入居者一人一人が主人公で、僕らはあくまで管理人。僕らと対話をすることやイベントに参加することで、自分の答えや本来の魅力を自分で見つけ出していく。そうすると活力が溢れてくる。その活力溢れる状態を、毎日に活かせる仕組みを提供している。そんな場所ですね」
ーなるほど。主人公がその人の魅力を自分で見つけて、活力が溢れる場所。
「形があって、形がない。水を得た魚の『水』なんですよ」
ー(笑)
自分自身にとってもチャレンジだったフォーカスという場所
ー実際にフォーカスを立ち上げてから、まぁさん自身何か変化はありましたか?
「そうですね。大人への抵抗感がなくなりましたね。実は僕、大人…特に大人の女性が苦手だったんです。ずっと子供たちにバスケを教えていたけど、保護者を避けてきたんです」
ーなぜ大人の女性が苦手だったんですか?
「多分、母親の影響ですね。話を聞いてもらえなかったとか、いつも『ああしなさい』『こうしなさい』って言われてたり、自分がやりたいことを認めてもらえなかったりとか。だから『大人は否定するものだ』ていう思い込みがあって」
ーそれを乗り越えて、大人のコミュニティを作ろうと
「大人たちにフォーカスを当てて、コミュニティを作って、メッセージを発信していこうって。僕自身にとっても、すごいチャレンジだったんですよね」
ーハピさんという「女性」と組んでるのも、また面白い話ですよね。
「そうなんですよね。ハピちゃんは絶対否定しないんです。承認力がすごく強いんですよね。『いいよいいよ、そうだよね、大丈夫だよ』って、僕のありのままを認めてくれる。今まであった『大人の女性には否定されるものだ』という思い込みが、ハピちゃんが承認してくれることで、少しずつ消えて行って。

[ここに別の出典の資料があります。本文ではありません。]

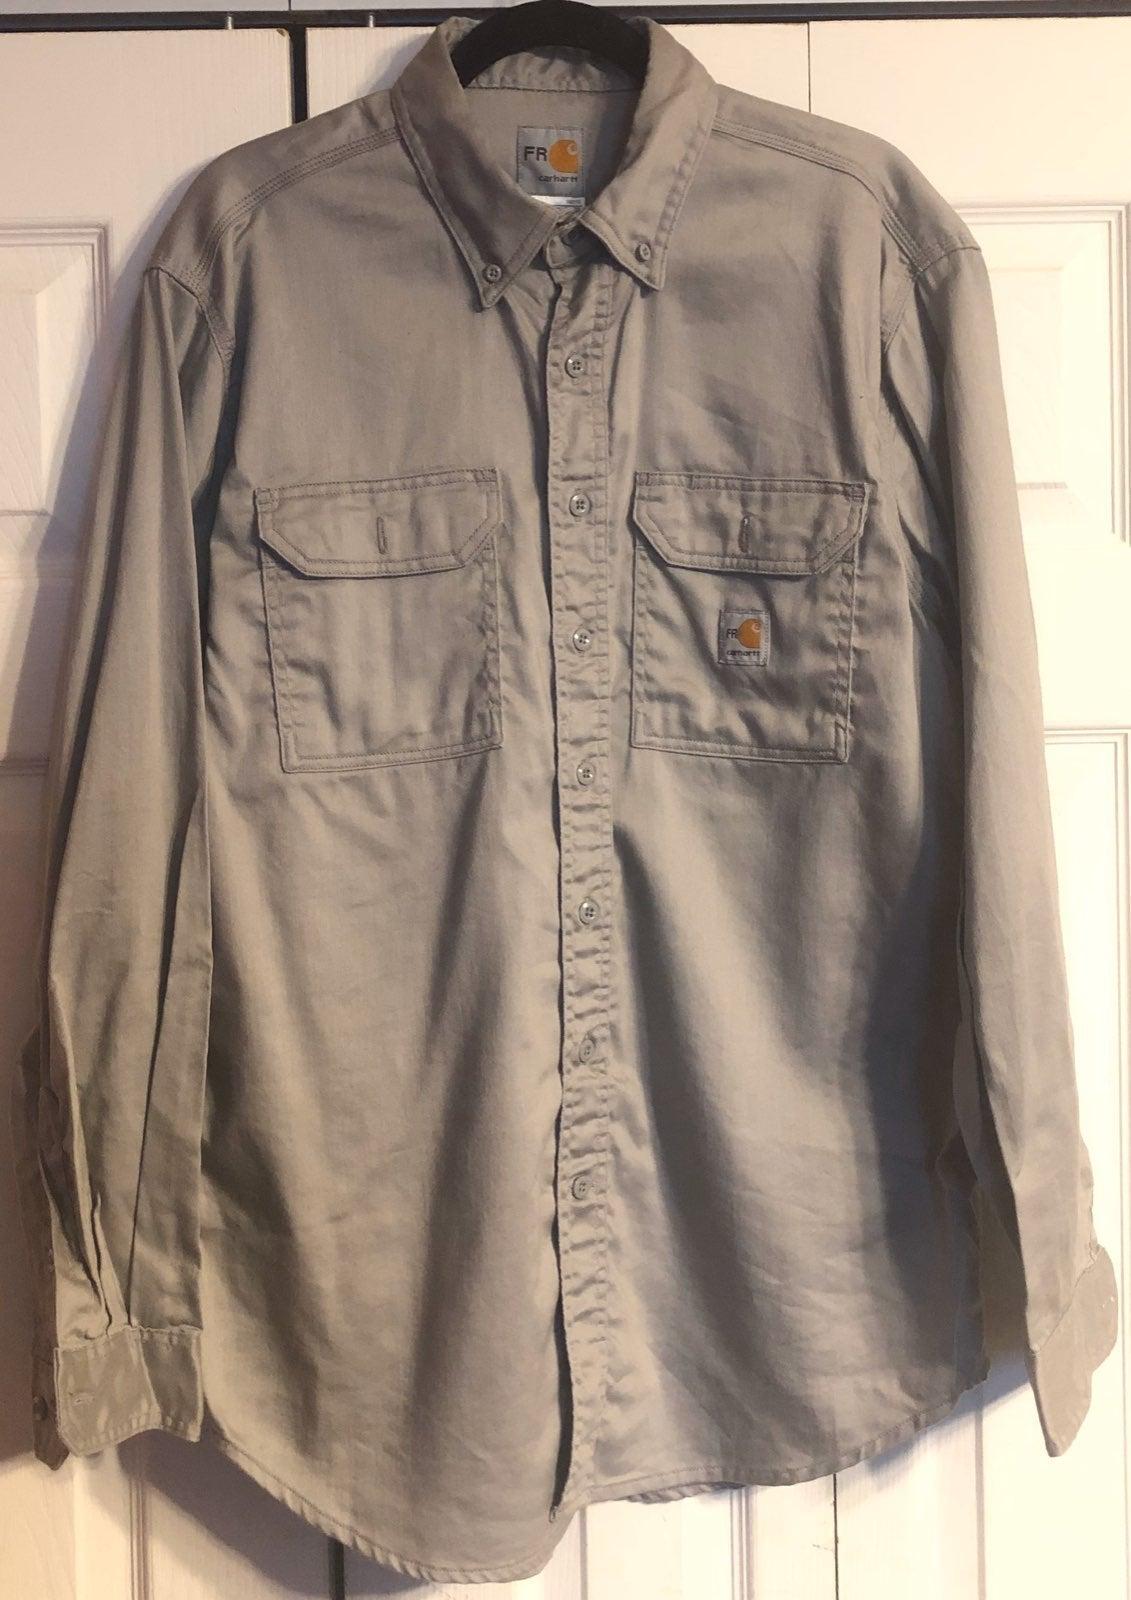 Carhartt Men's Flame Resistant Shirt, L

僕自身、ハピちゃんと話すようになって、大人の女性への苦手意識を克服できたところも大きいんですよね」
ーご自身が「対話を通しての変化」を実感されたんですね。
「ハピちゃんと話すことで、みんながみんな否定するんじゃないっていうことを体感したり、あとは入居者さんの葛藤や悩みを聞いたことで『みんな色々あるよね』っていうことが分かった。だから、保護者間のトラブルとかに巻き込まれても『いろいろあるよね』っていうことが理解できるようになったんですよね。今までだったら『大人の女性はやっぱりそうか』って、否定されたと思って落ち込むわけですよ」
ーフォーカスで学んだことが、バスケのコーチにも活きてるんですね
「両方にとっていいことだなって思いますね。他者理解が深くなったことで、自分の器みたいなものがすごく大きくなったような気がするんですよね」
見守って、承認して、自分を見つける手助けをする
ーフォーカスってどんな場所ですか?
「『自分の人生を生きる』がテーマの場所。本当に大切なことや、人生の宝物を見つけてもらう場所です」
ーそのために、管理人としてどんなことをされているんですか?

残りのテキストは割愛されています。